Still, some simple comparatives would be interesting, say which simple iterated [CI or CL] image works best over time. Same source image input.

I know sometimes the three formats aren't directly-comparable. In this case though (2D image-manipulation), they could be compared quite easily, since you should be able to do exactly the same things in all three languages (subject to CoreImage Slang limitations, obviously).

My instinct would be to go with CIFilters for strictly 2D-only image manipulation where possible, use GLSL for vertex-manipulation and per-pixel lighting, and OpenCL for Mesh-manipulation and creation, possibly particle systems, for dealing with large arrays of data, and converting between image and mesh formats.

I'm also considering attempting to port a raycast shader to OpenCL at the moment. I'm thinking I could then write to multiple output textures and do some kind of fancy deferred-rendering type of thing. Got a few more things to test with my GLSL implementation first, though.

a|x

I've just taken a look again at the CoreImage Optical Flow presented by gtoledo3 [works great with a webcam sized footage] and mine and to be honest, they just don't do the same thing at all.

My OpticalFlow really thrashes out with video, does a great job even on a 1:1 pixel ratio with 1280 * 720 HD footage it can, in certain constructs, take a while to load [ 1 - 13 secs], but it just keeps on chugging away, flowing out at 1280 * 720 - makes for great footage [sometimes].

It doesn't do all that wacky and wonderful stuff that it hasn't had built into it that the flow step, iteration construct does in the CI OpticalFlow.

Some kind of compare CI / GLSL to CL / Mesh as you proposed sounds like an idea though.

However, I think the real meat and potatoes is in looking at how both language formats deal with images.

Nice and simple, 'like for like'.

If possible :-)

What you're saying raises another question in my mind that I hadn't thought to explore directly in QC before.

Does QC OpenCL support

cl_apple_gl_sharing

?

Apples and oranges when you compare it to the CI Optical Flow in the compositions I posted recently...

The OpenCL filter you posted is analogous (sorta) to Vade's Optical Flow (which is used in my composition as a component of the GPU Liquid Sim portion)... it isn't analogous to the CI Optical Flow in function (which, I'm sure you know because you state this, I'm just clarifying).

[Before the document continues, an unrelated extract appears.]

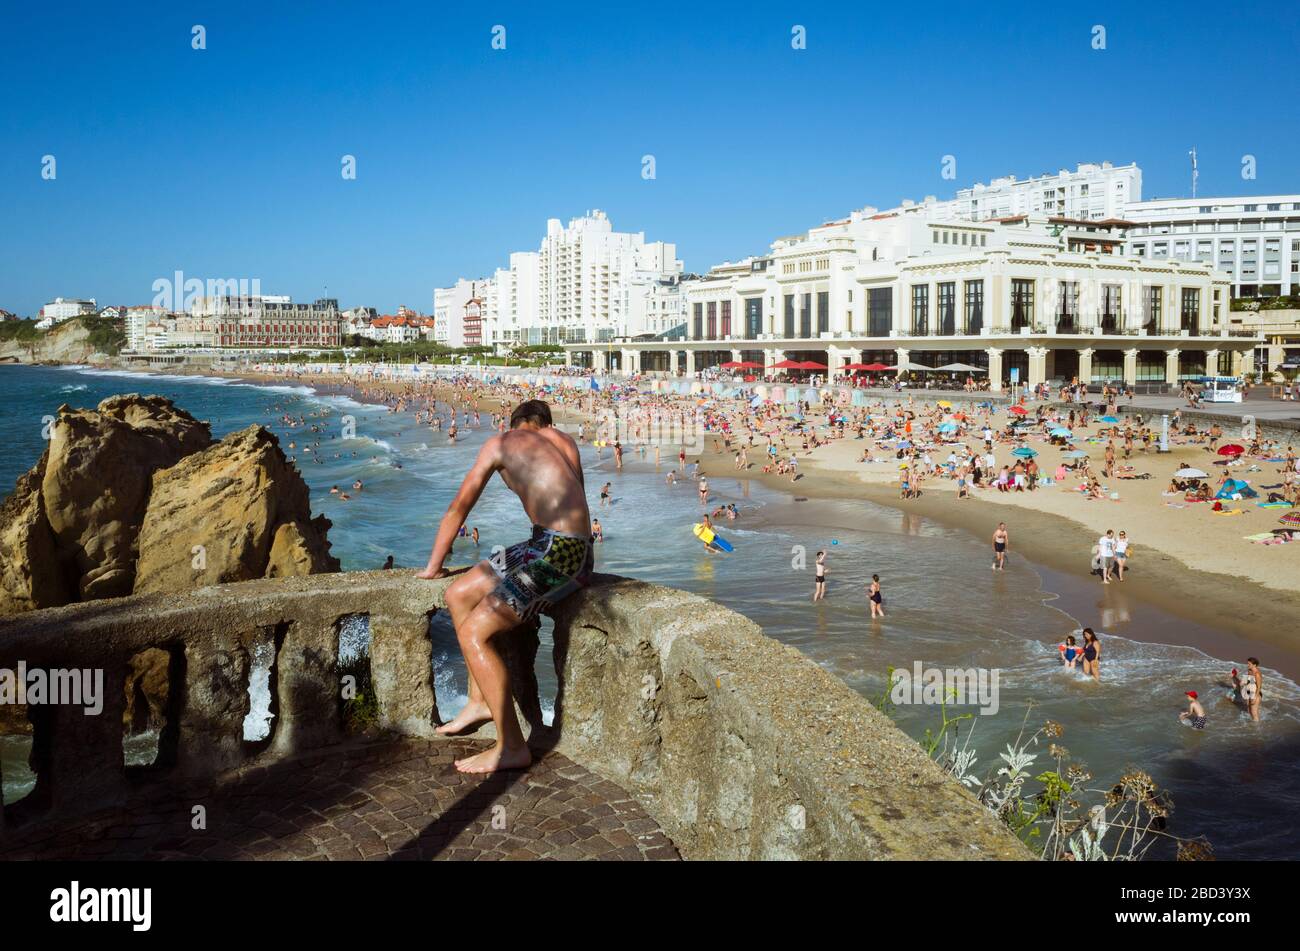 Biarritz, Pays basque français, France - 19 juillet 2019 : un jeune homme regarde la Grande Plage, la plus grande plage de la ville. Casino de style art déco Banque D'Images
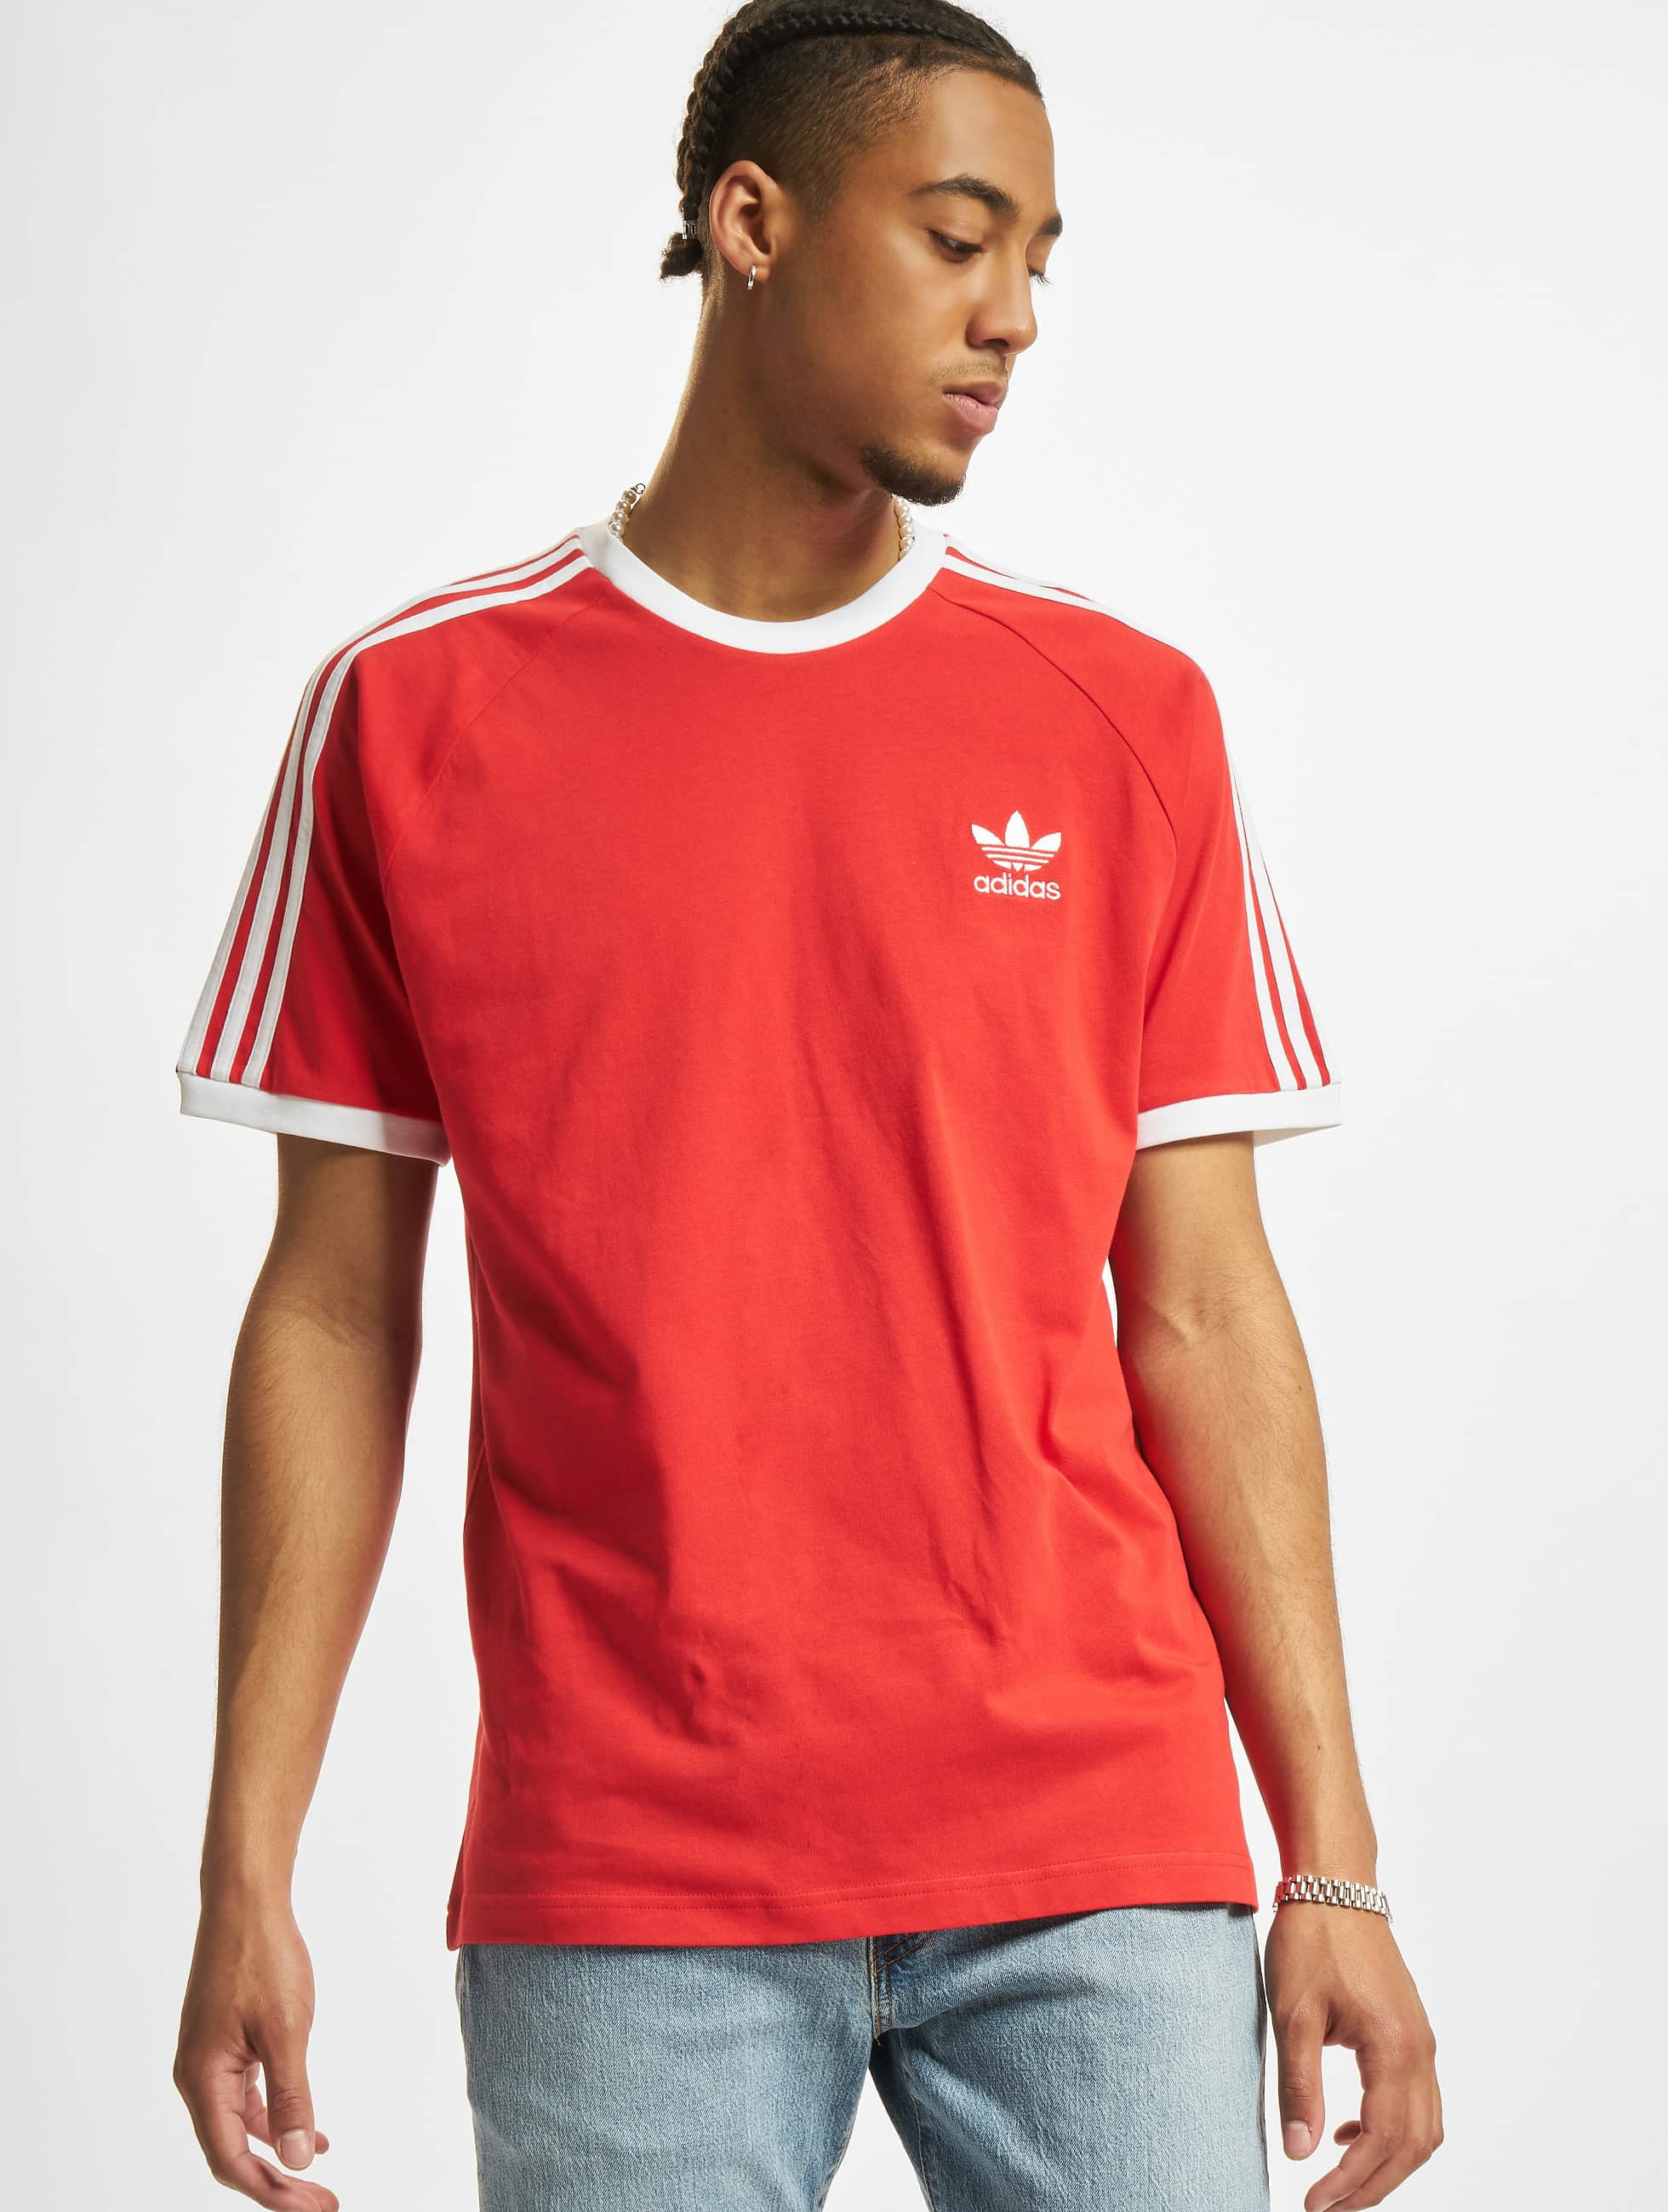 Prematuur Aandringen Inspecteur adidas Originals bovenstuk / t-shirt 3-Stripes in rood 871509

When one replaces the v002 Optical Flow patch in my compositions that were all in that vein, with the OpenCL variant that does similar function, FPS slows by a couple frames per second. Not a deal breaker, but it's no better in function.

As far as one plus that is sort of conceptual, is that OpenCL can be ported to other operating systems, whereas Core Image is closed.

So, if one had a chain that was a video->openCL kernel->sprite, it might be more likely to be able to make a system that could analyze the qtz and compile a related app that could run on iOS or Windows (again, theoretical).

That's a good point about the higher likelyhood of portability of a construct.

As it happens I've just downloaded the incredible Core Image Droste.qtz from the Developer code section [ requires 10.6.x ].

http://developer.apple.com/mac/library/samplecode/Droste/Introduction/In...

This does some beautiful things to an image or video feed.

Given my 'local' and current experience to date with OpenCL image processing, I'd almost persuaded myself of a total falsehood, namely that CI did images up to a certain point really well, whilst OpenCL was better with video.

http://kineme.net/forum/Discussion/SnowLeopard/DrosteSampleCode

As it happens my most recent results are that CI is way faster and cleaner.

OpenCL is interesting and shines when there's a lot of work to do and the routine is good solid code [ a point I can fall foul off achieving].

However, it is much more inclined to knock other perfectly good CL and CI kernels of their perches when there is a failure to find kernel or to compile LLVM or something similar. Those incorrect kernel routines only need to be on the Editor stage, they don't even need to be active.

Their presence alone seems sufficient to create a problem!

That's the really annoying thing about it, it can leak memory, creep into the cache, knock out really good solidly coded kernels and scripts, the GUI interface glitches GPU clutter, the list goes on and I'll just finish up with the flickering fluorescent light bulb of OpenCL created GPU failure [ my personal favourite ].

Still once you've gotten used to what makes for tidy and solid kernel code and maybe check kernels at the command line, one can usually avoid the more frequently apprehended inconveniences that [my :-)] working with OpenCL in QC sometimes provokes.

BTW, it's kind of ironic that you should pick up on the similarity betwixt the OpenCL Flow and vade's Flow patches.

There's a very,very good reason for that.

The GLSL code used in that patch was the original porting base for Marek Bazera who did the command line / XCode app version of that routine and I did the really trivial work of porting that routine into Quartz Composer.

How these things do go the rounds.